Фродо так устал, что уронил голову на грудь и заснул, едва договорив. А Горлум, видать, свои штучки оставил. Он свернулся калачиком и тоже уснул как ни в чем не бывало и хотя подозрительно присвистывал сквозь сжатые зубы, однако не шевелился, ровно убитый. Сэм послушал-послушал, как его спутники спят наперегонки, и чуть сам не заснул, но вместо этого встал, подошел к Горлуму и легонько его потыкал. Ладони Горлума раскрылись, пальцы задергались – и больше ничего. Сэм наклонился и сказал ему прямо в ухо: «Вкусненькая рыбка», – но Горлум даже ухом не повел и присвистывал по-прежнему.
Сэм почесал в затылке.
– Может, и правда спит, – пробормотал он. – Будь я вроде Горлума, одним Горлумом меньше бы стало.
Он со вздохом отогнал заманчивые мысли о том, и меч вот он, и за веревкой недалеко ходить, по; шел и сел рядом с хозяином.
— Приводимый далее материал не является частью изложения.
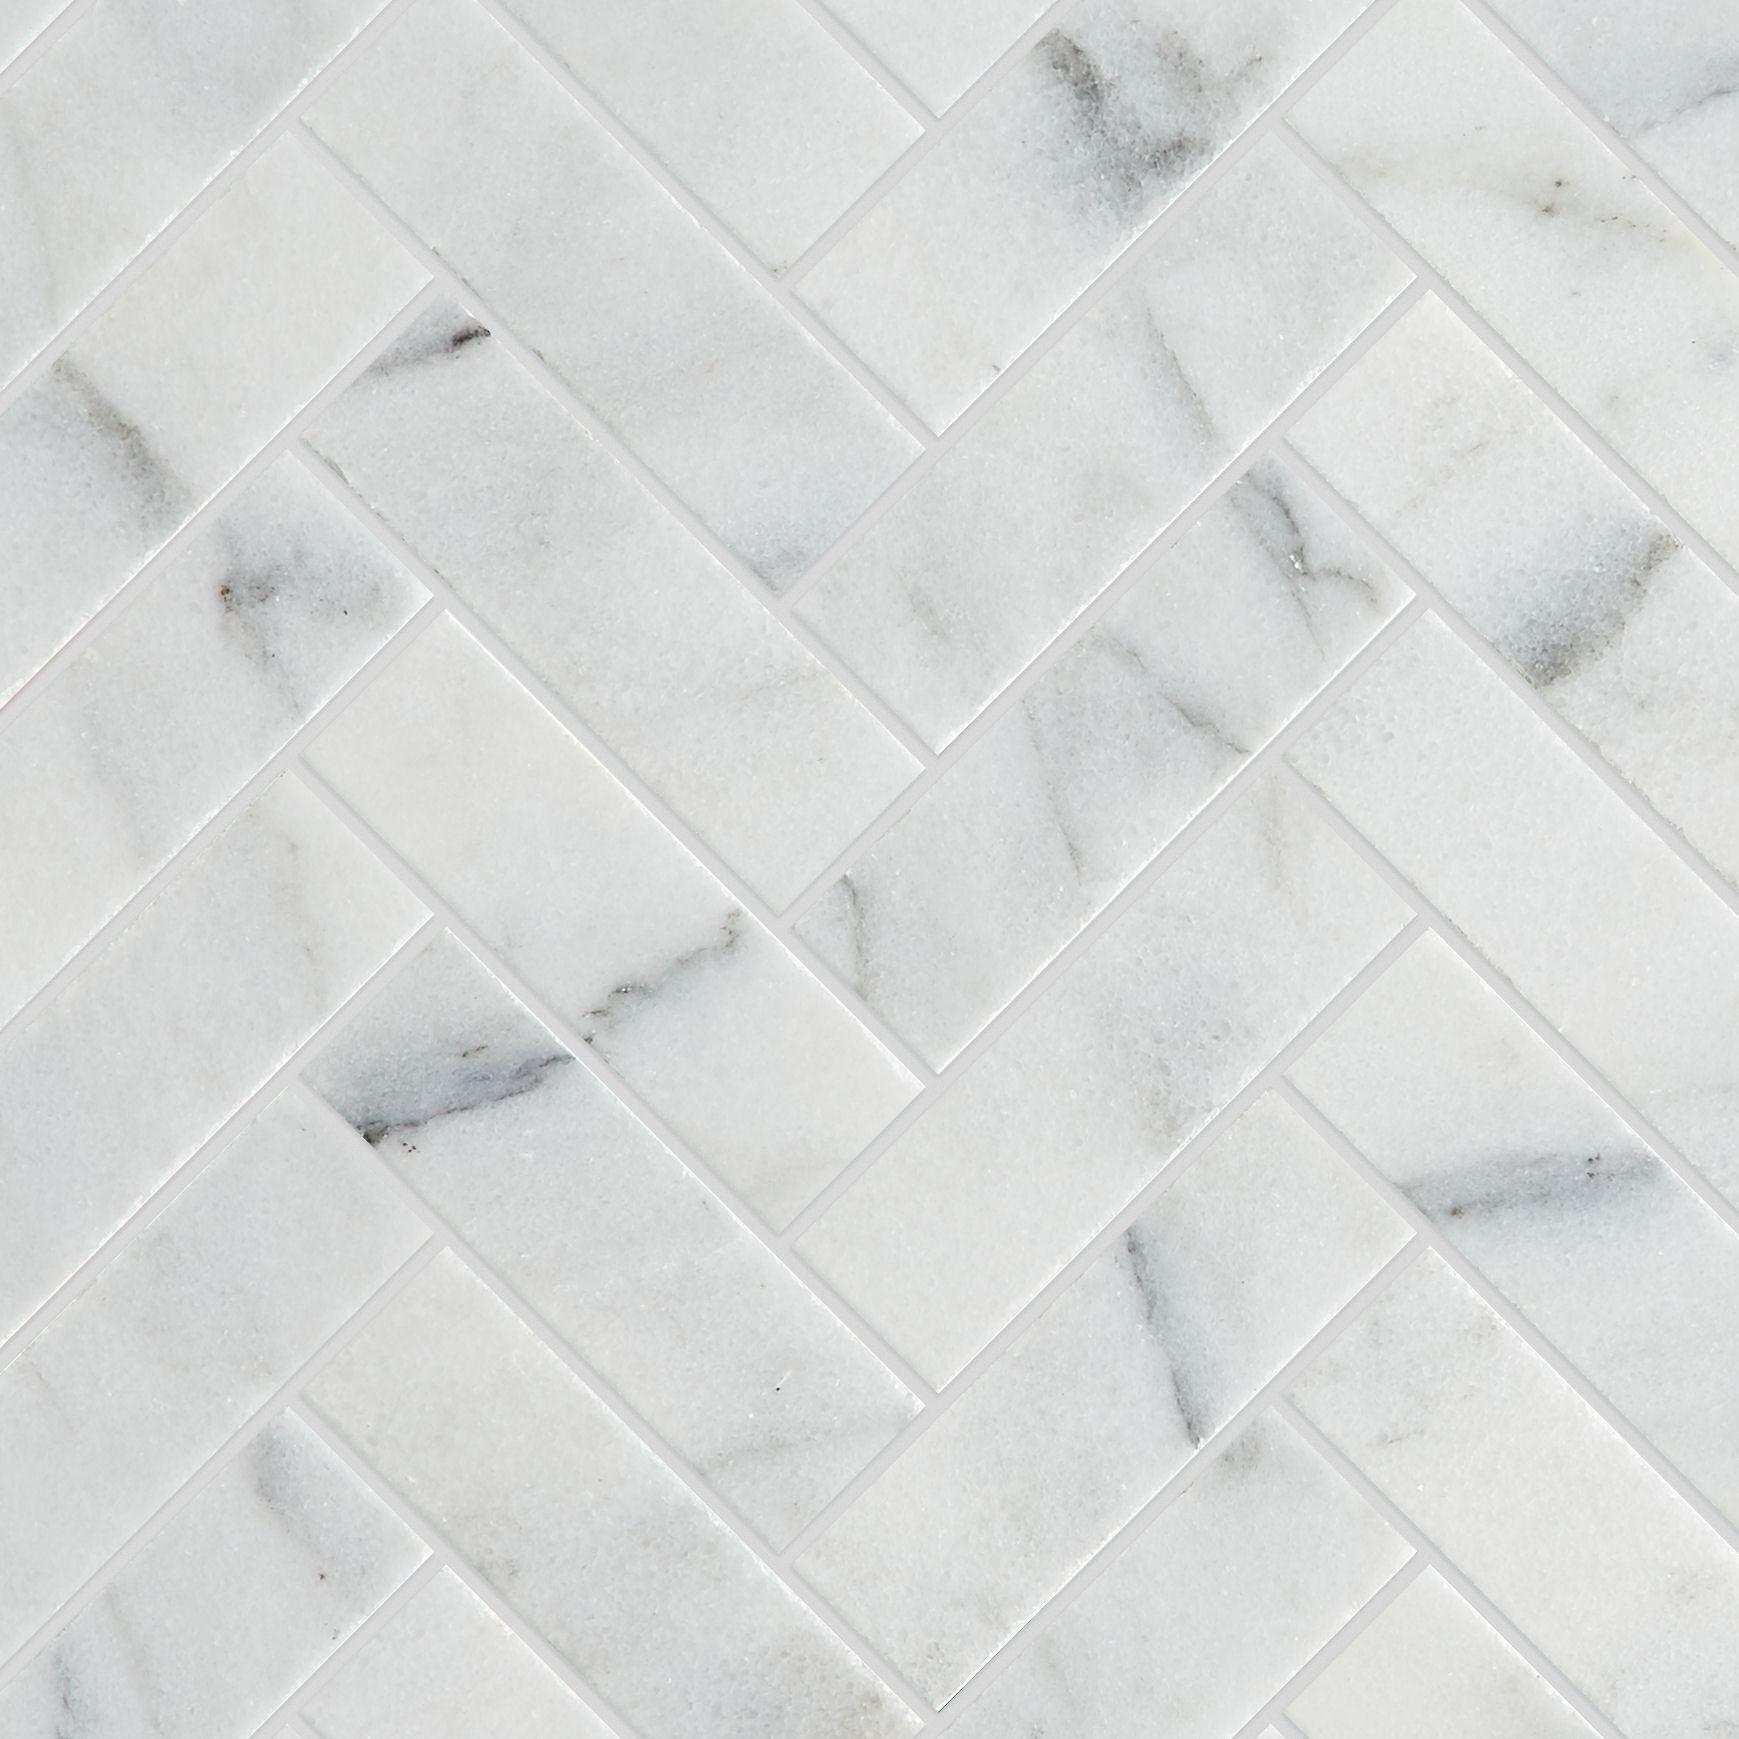 Calacatta Vein Honed Marble Herringbone Mosaic Tiles

Открыв глаза, он увидел тусклые небеса, гораздо темнее, чем когда он заснул. Сэм вскочил на ноги и понял, что раз он такой бодрый и голодный, значит, проспал весь день, а уж часов-то девять отхватил наверняка. Фродо спал без задних ног, только на бок повернулся. А Горлума было не видать. Сэму припомнились многие нелестные клички, какими, исполняя отцовский долг, награждал его Жихарь, никогда не лазивший за словом в карман; потом он сообразил, что хозяин-то был прав – стеречься не от кого. Как-никак оба целы, невредимы и ничуть не удавлены.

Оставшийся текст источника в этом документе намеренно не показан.